__SUPPLIED DATA__.
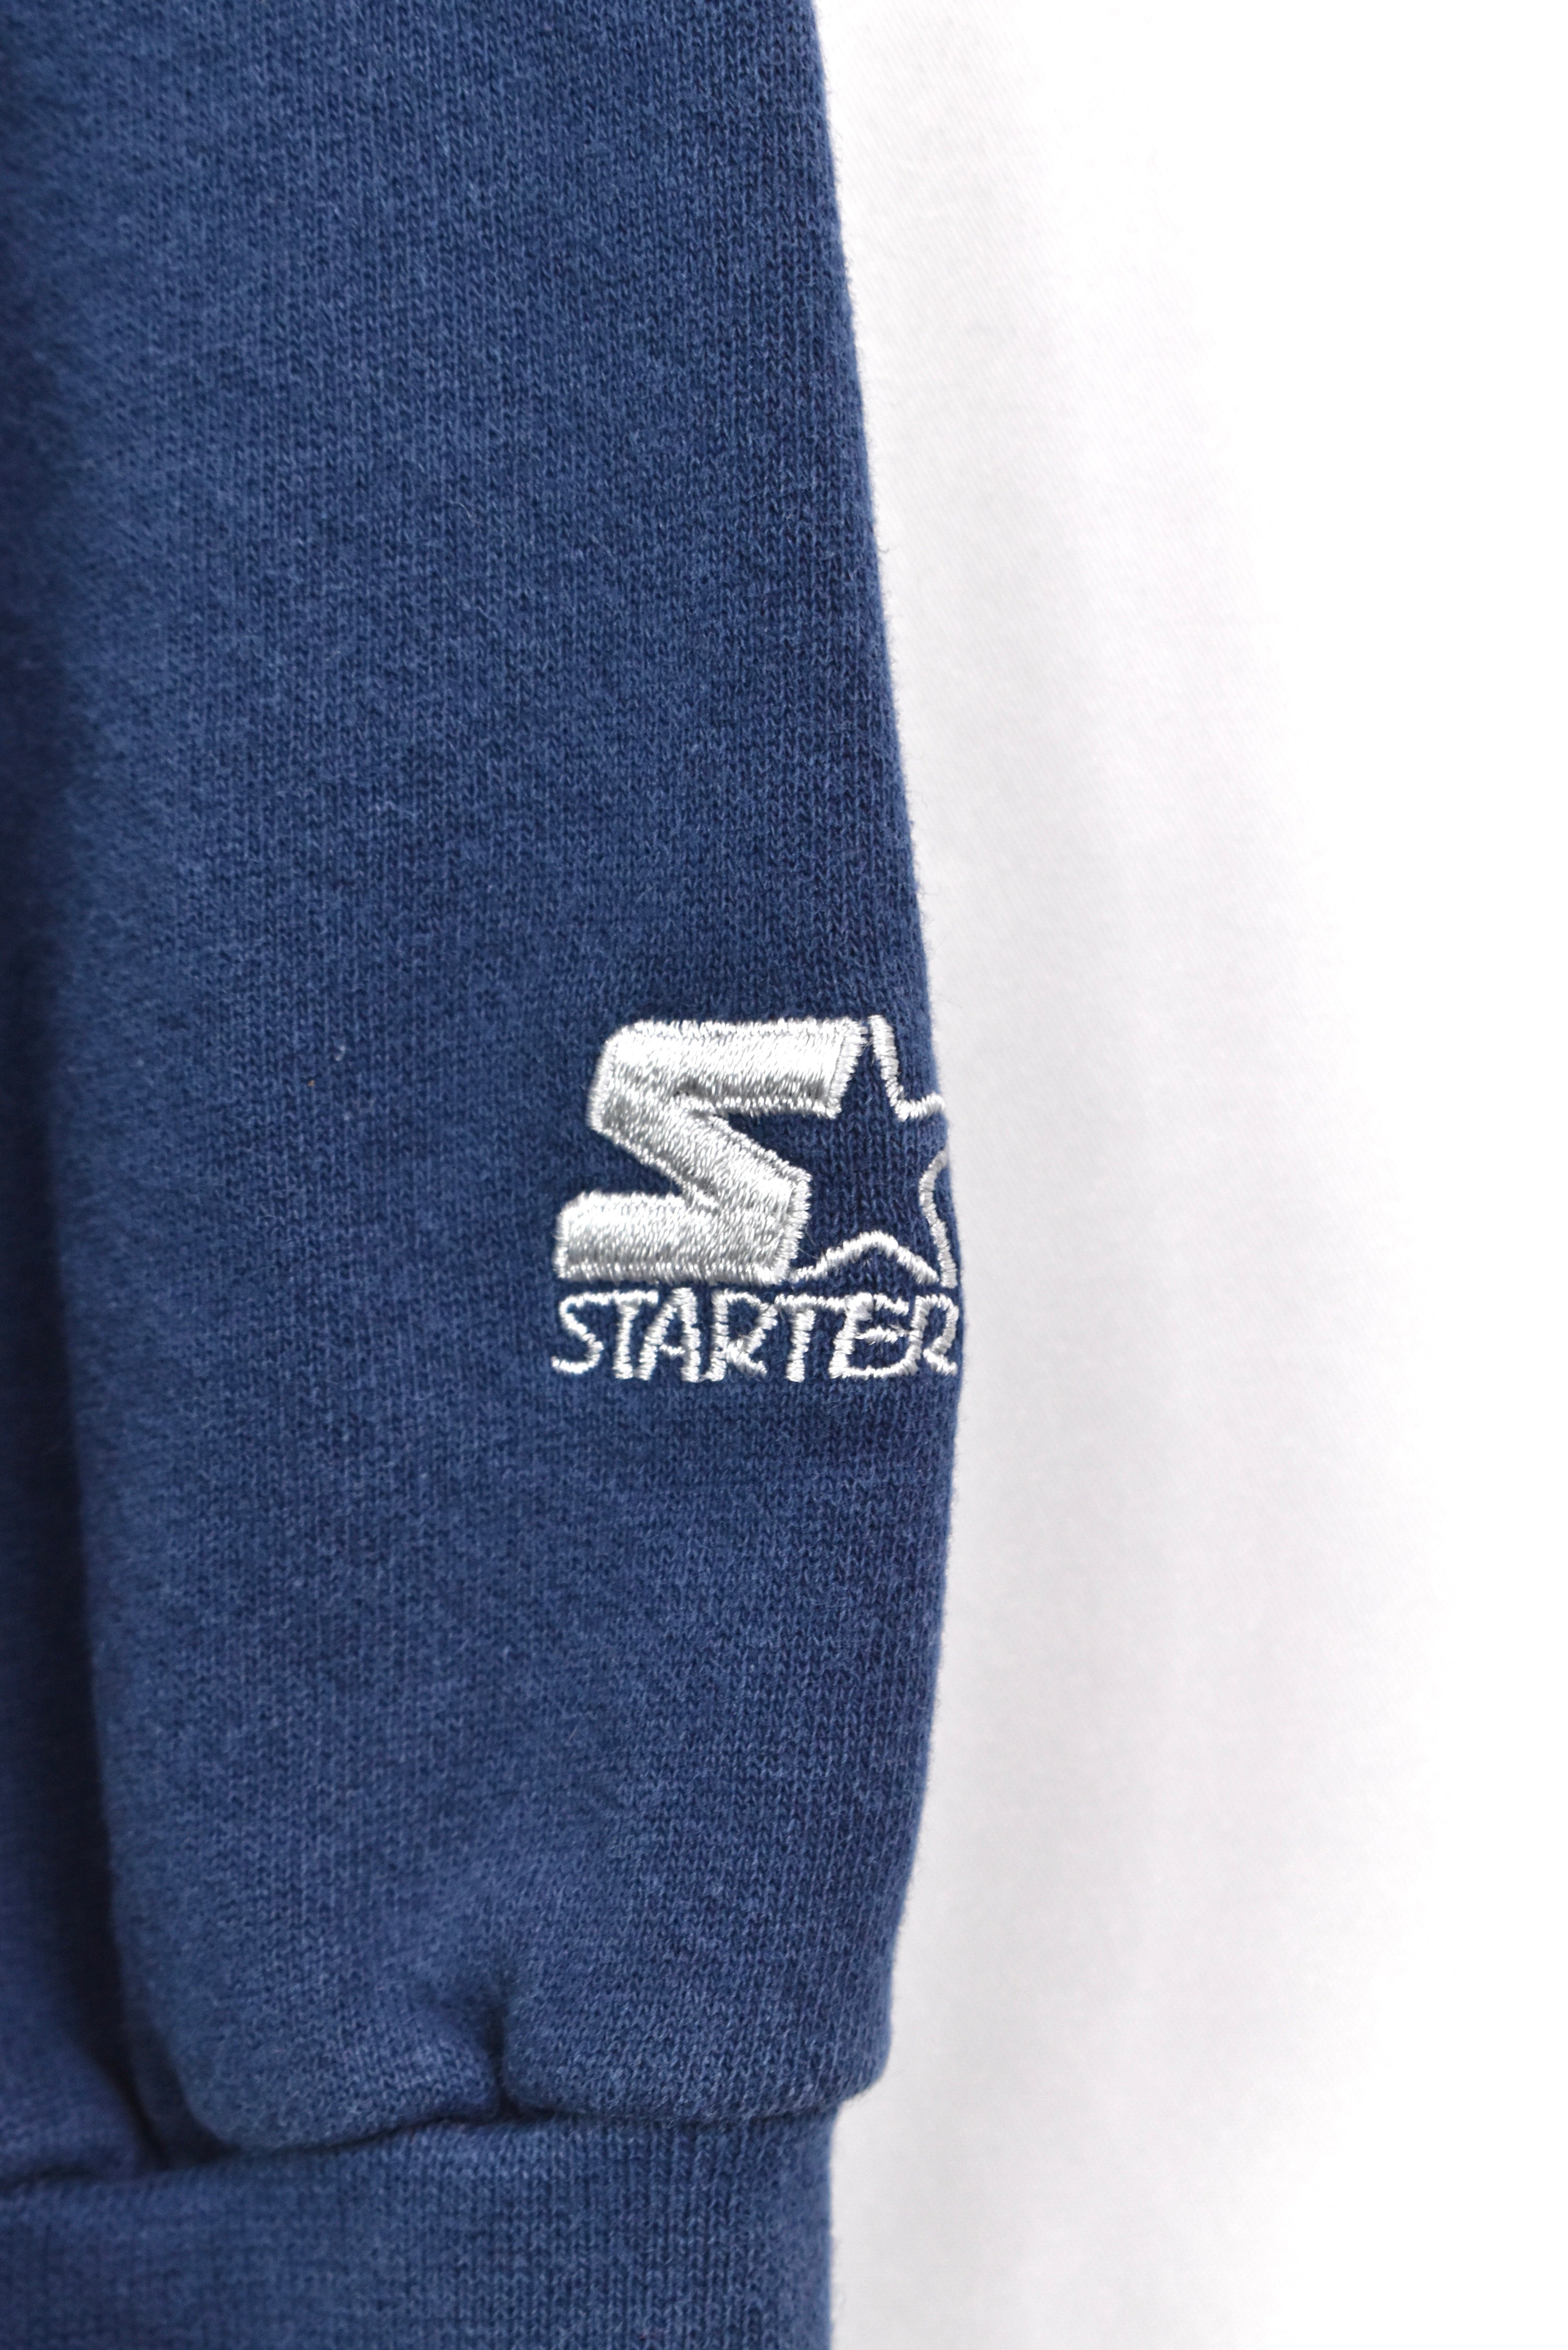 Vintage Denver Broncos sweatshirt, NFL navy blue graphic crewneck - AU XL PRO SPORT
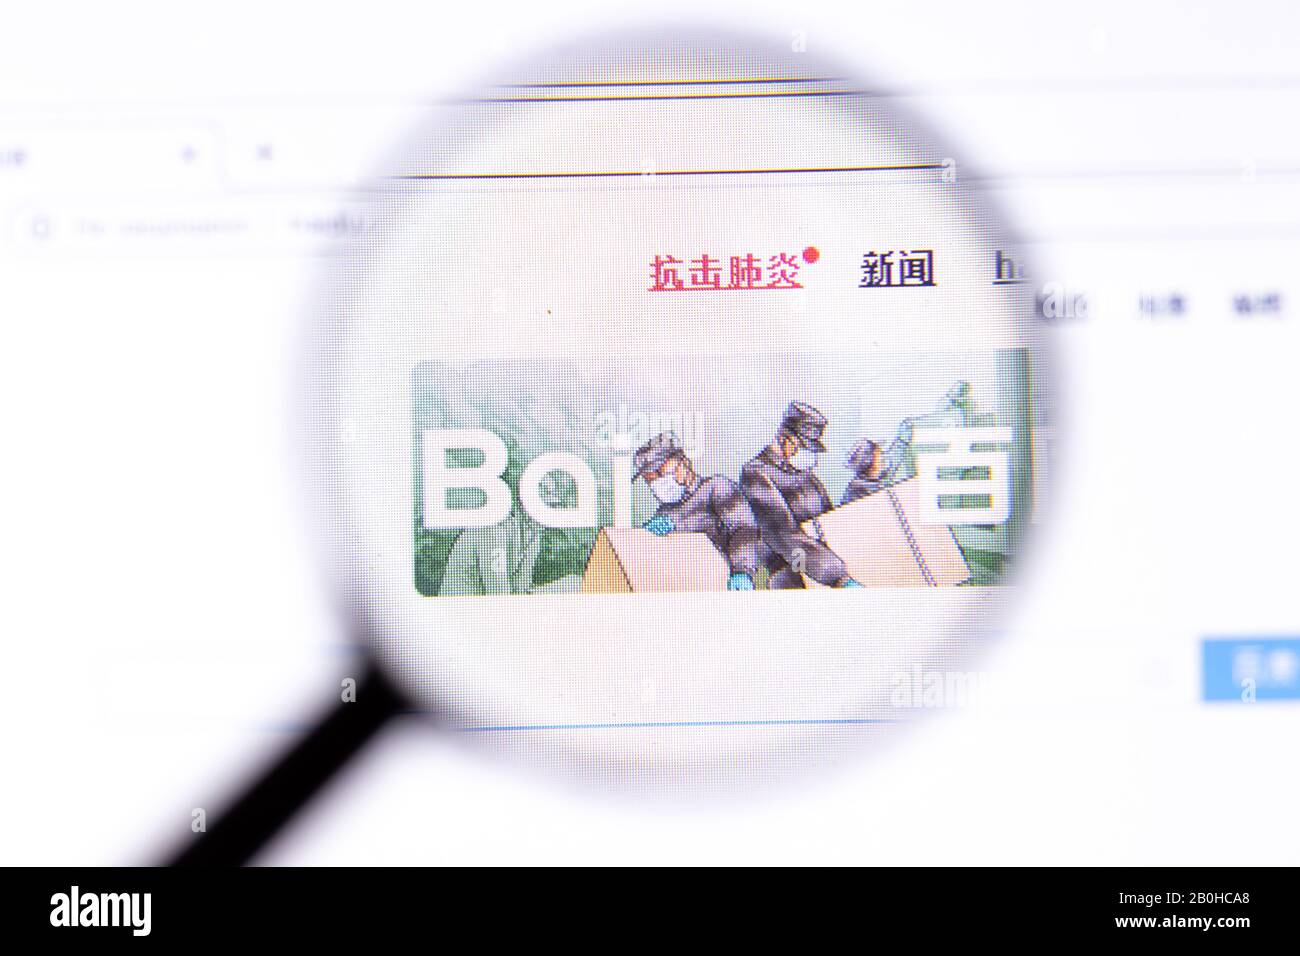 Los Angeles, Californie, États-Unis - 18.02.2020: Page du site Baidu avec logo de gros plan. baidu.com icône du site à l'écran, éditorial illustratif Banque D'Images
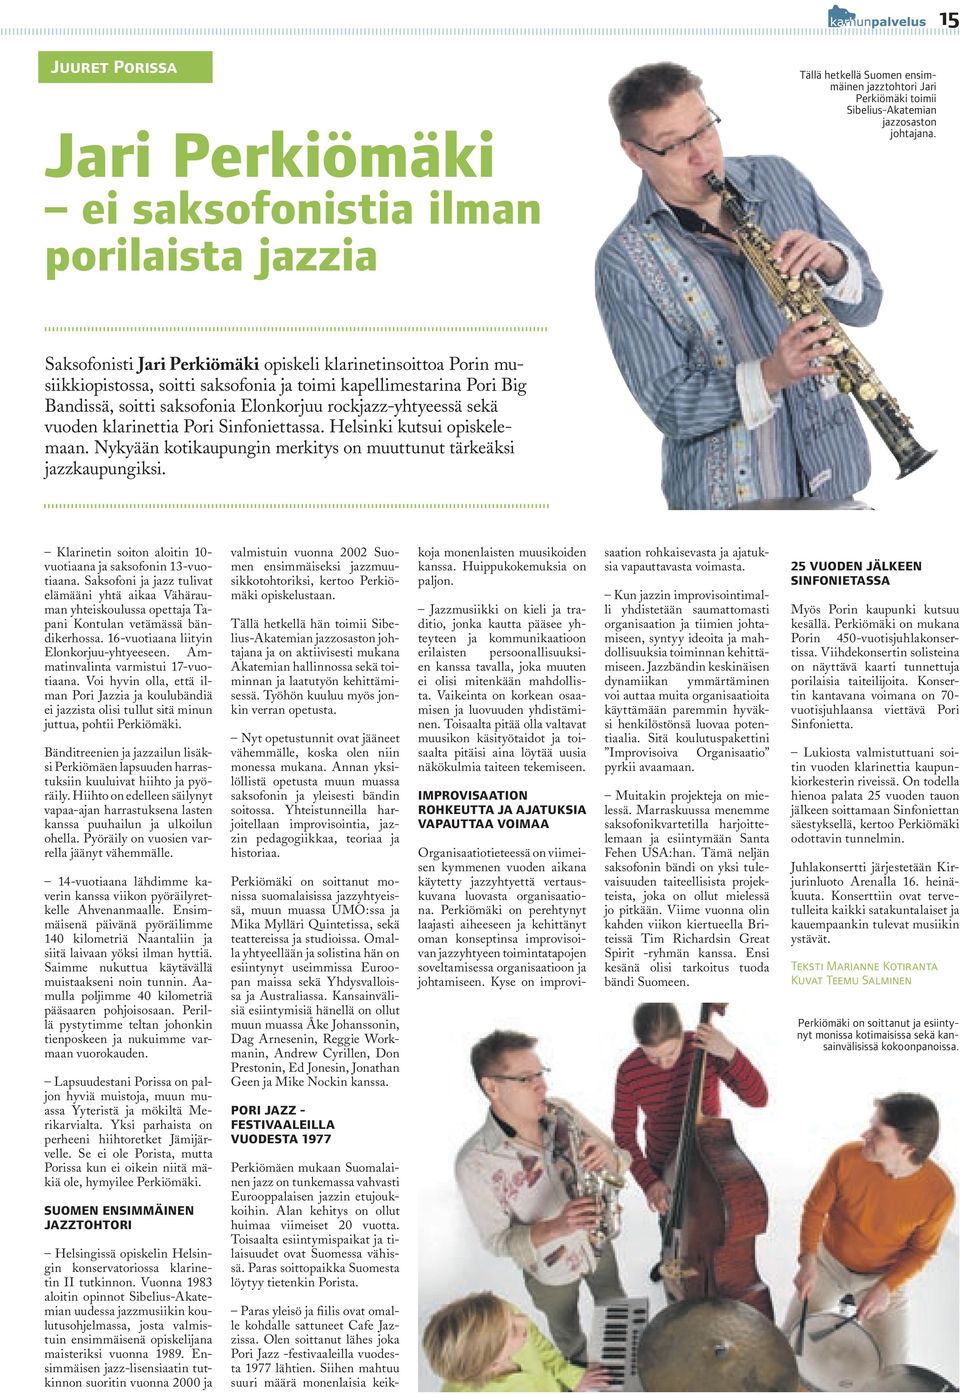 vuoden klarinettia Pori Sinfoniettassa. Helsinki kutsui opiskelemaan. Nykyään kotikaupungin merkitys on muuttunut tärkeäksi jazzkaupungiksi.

__TASK OBJECTIVE__.
Transcribe word for word only the lines from the one with "Los Angeles, Californie, États-Unis" through the end of the listing; every picture is to be omitted.

__WORKED SOLUTION__.
 Los Angeles, Californie, États-Unis - 18.02.2020: Page du site Baidu avec logo de gros plan. baidu.com icône du site à l'écran, éditorial illustratif Banque D'Images
 vuoden klarinettia Pori Sinfoniettassa. Helsinki kutsui opiskelemaan. Nykyään kotikaupungin merkitys on muuttunut tärkeäksi jazzkaupungiksi.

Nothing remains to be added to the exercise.